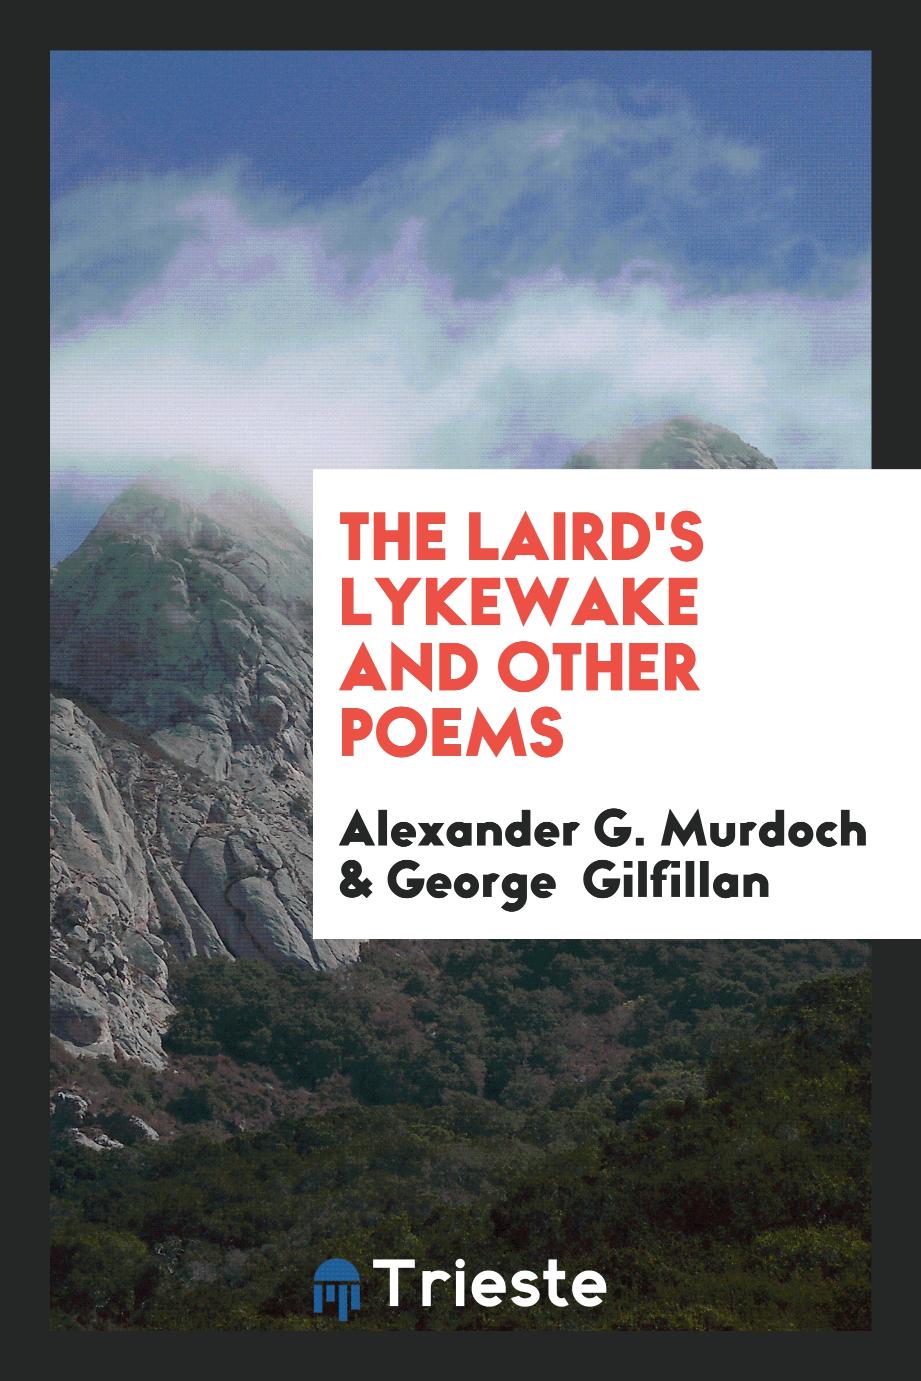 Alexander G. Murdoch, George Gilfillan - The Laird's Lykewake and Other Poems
__________
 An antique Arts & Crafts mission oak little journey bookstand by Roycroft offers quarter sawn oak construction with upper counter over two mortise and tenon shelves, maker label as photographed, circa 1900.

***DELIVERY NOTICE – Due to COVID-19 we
__________
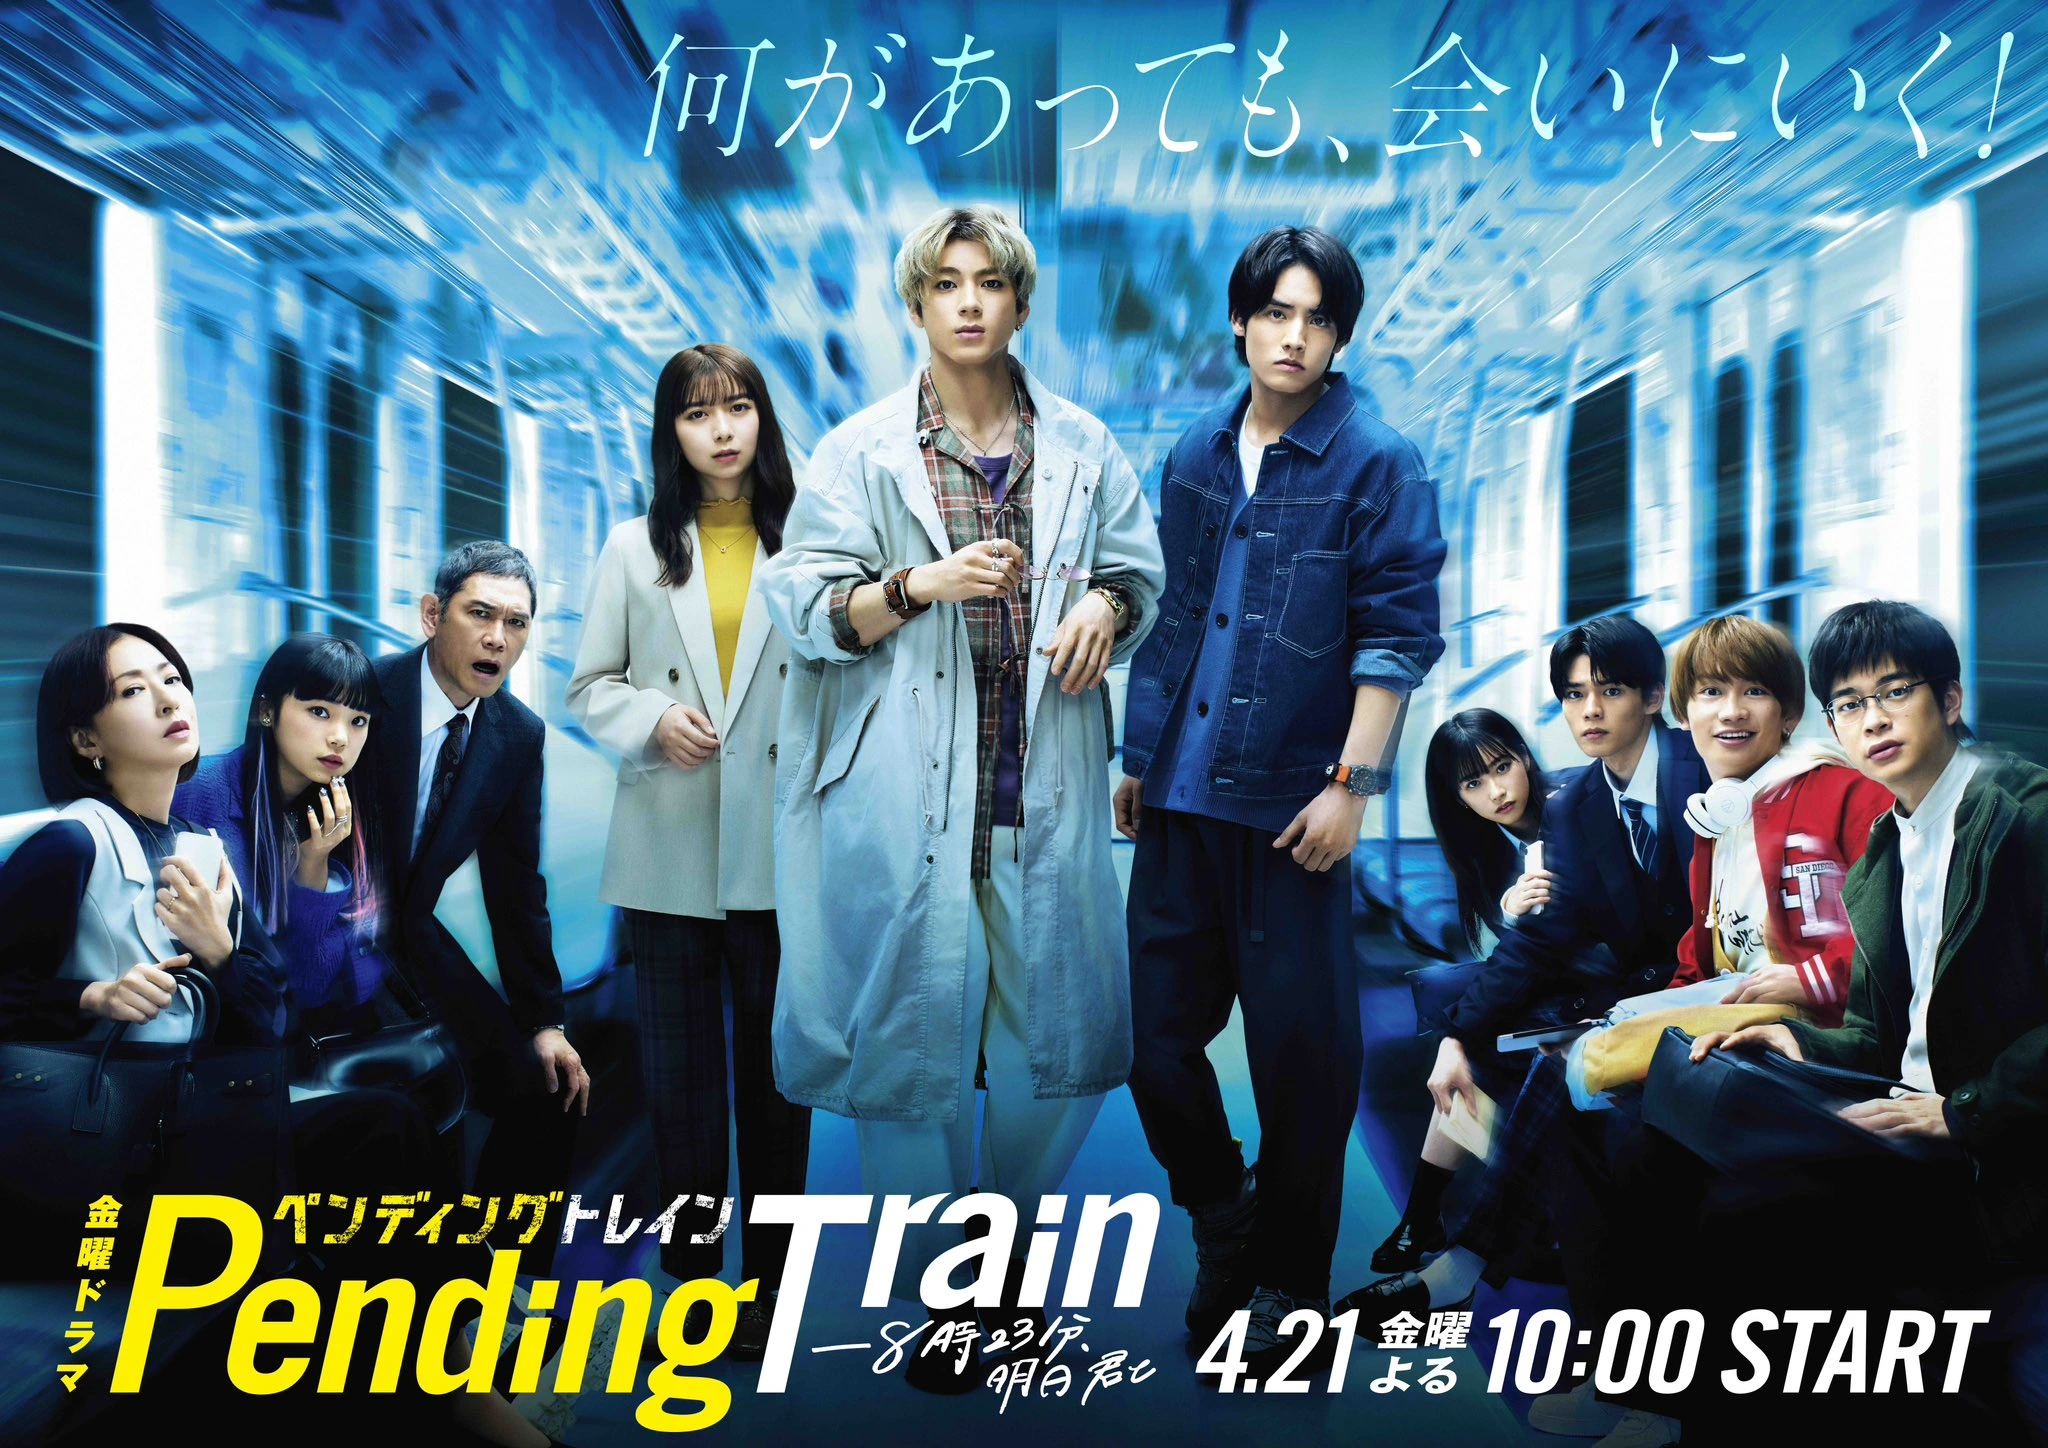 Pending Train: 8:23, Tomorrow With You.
__________
[EXERCISE]: Considering only the material above, set down every line from the one with "An antique Arts" to the one with "to COVID-19 we", inclusive, exactly as written.

[EXERCISE ANSWER]:
 An antique Arts & Crafts mission oak little journey bookstand by Roycroft offers quarter sawn oak construction with upper counter over two mortise and tenon shelves, maker label as photographed, circa 1900.

***DELIVERY NOTICE – Due to COVID-19 we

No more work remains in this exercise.